# Ovean Master Rod owners I need your Feedback on this thread



## Awesome John* (Dec 23, 2003)

The Ocean master Rods are being touted as the best of the economical surf rods.. By that I mean 3to 6oz and 6 to 12 oz for under 2 bills.

Now that field is highly competetive with the sunami and Tica etc...

I have recently purchased a used ABU 7500 CTC3 on this board and was looking for a good rod to go with it "that could castlong range"...

I am seriouly looking at the 12 foot conventional Ocean Master rod.

My questions to you Ocean Master rod owners is this..

"Because the Ocean Master rod is a composite of fiberglass and grafite does it has a slow ugly stick ginda action or does it have a fast Breakaway rod type of crisp fast power?"

I'm looking to cast 6 and bait mostly but will also go to 8 and bait at times...

Would you gentlemen recomend this rod or another...

I actually want to buy a breakaway but dont have the bucks to buy a new one and (because I am working in cyprus at the moment) I am afraid to pay 100 bucks shipping and then get a broken rod..... so I have decided to go with a cheaper rod and cheaper shipping... yet... of course I'm trying to get the best rod for the money...

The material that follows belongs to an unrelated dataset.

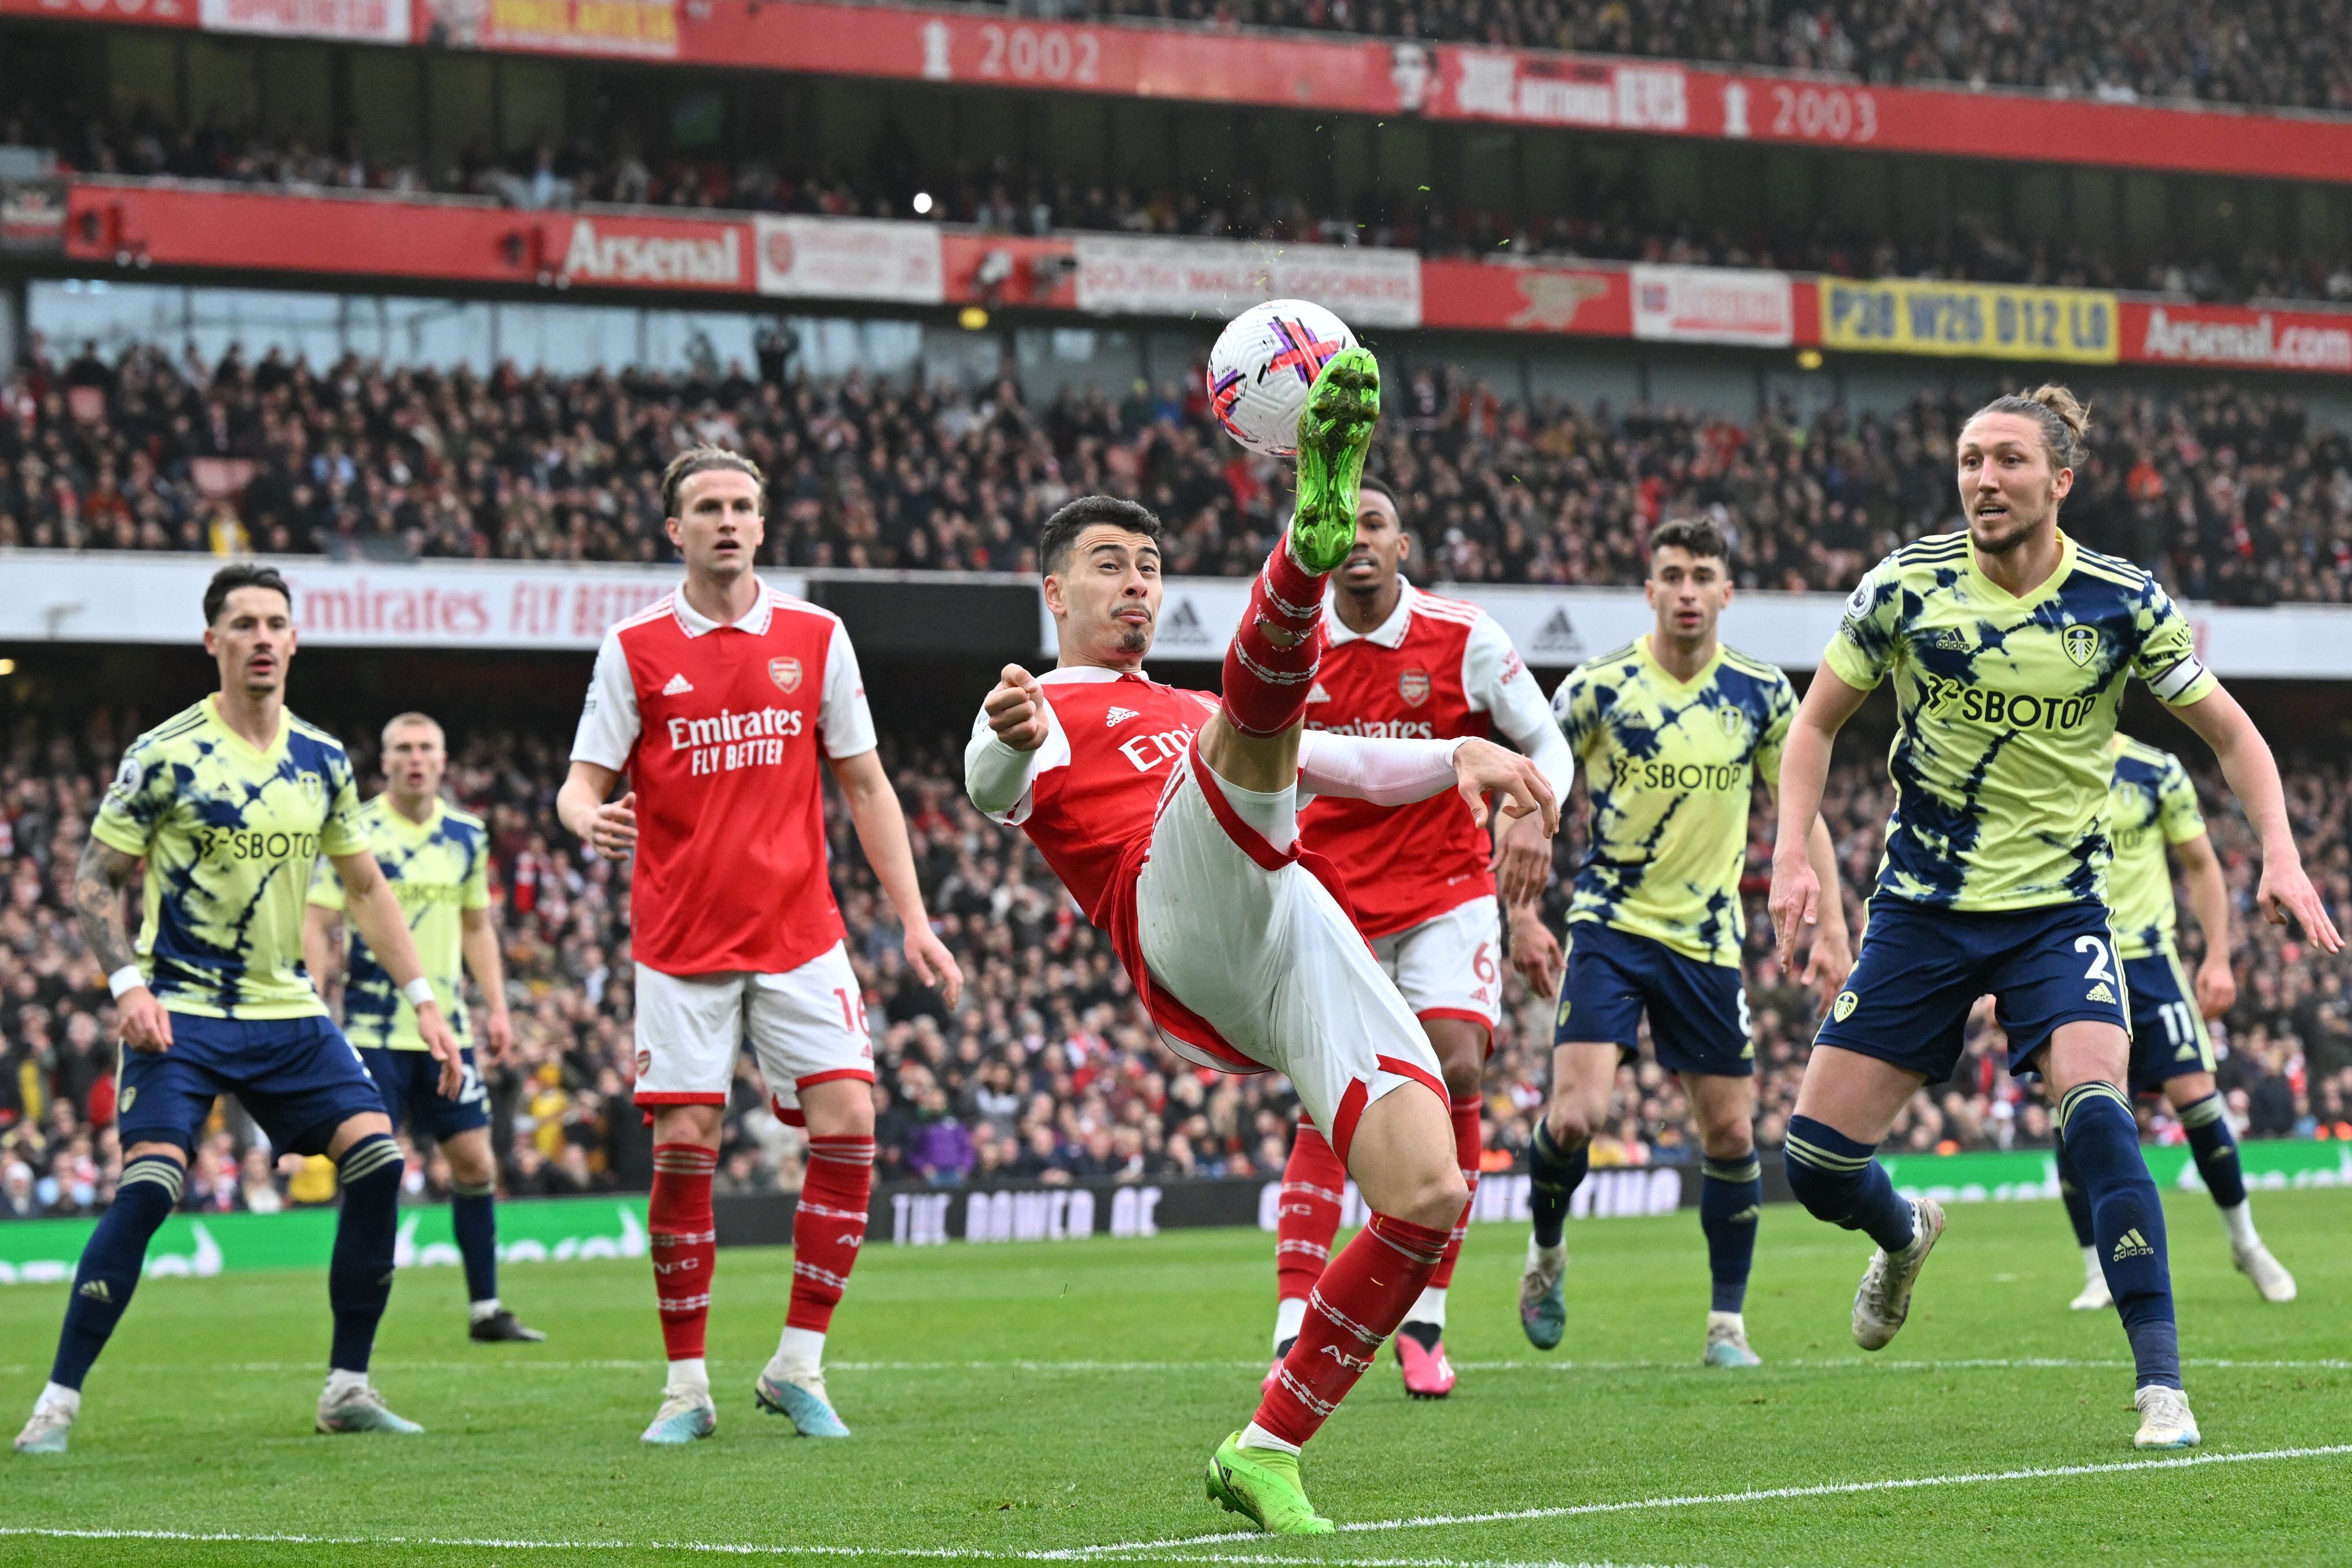 El Arsenal consiguió la sétima victoria seguida en la Premier League. Aquí Gabriel Martinelli (centro) controla el balón.

is it the ocean master rod?


----------



## LongRanger (Oct 4, 2000)

I own the OM ($120), Tica ($110) and Okuma Solaris ($80). All rods are 12'-0". The OM and Okuma comparable well with 4-5oz for short to mid-range fishing (200-400 feet). However, from 500 feet on, the Okuma has a faster recover and will send the sinker and bait further once it is fully loaded. The Tica loves 6-8oz. I find it hard to load with less than 6oz. This is just my $.02. I'm sure that others will have different take on all three. Rods and reels are personal. It is always best to use what you like and what gives you most enjoyment. 

I hope this helps.


----------



## Newcaster (Dec 6, 2003)

I have 2 12 foot OM's. They are good rods cast well and have decent action. they are a bit on the stout side when compared to a Breakaway or Tica.

E-mail this guy 

[email protected]

He sells the 12 foot OM for $95.


----------



## FisherTim (Mar 13, 2003)

*Hey AJ!*

I have the 12 ft. heaver. It will throw 10-12 and bait w/o a problem. No Breakaway but not whippy like the Ugly Stick.
I've casted the ligther 12 also and would say it compares very favorably w/ the 11'9" Breakaway; which I have.
It is a great rod for the money. 
And from my experience w/ my OM rods I'd be confidant you could throw 8 and bait w/ the lite 12 w/o hurting it.


----------



## AL_N_VB (Apr 3, 2002)

Just got my new OM 12 footer paired with a SL30,17 lbs Suffix.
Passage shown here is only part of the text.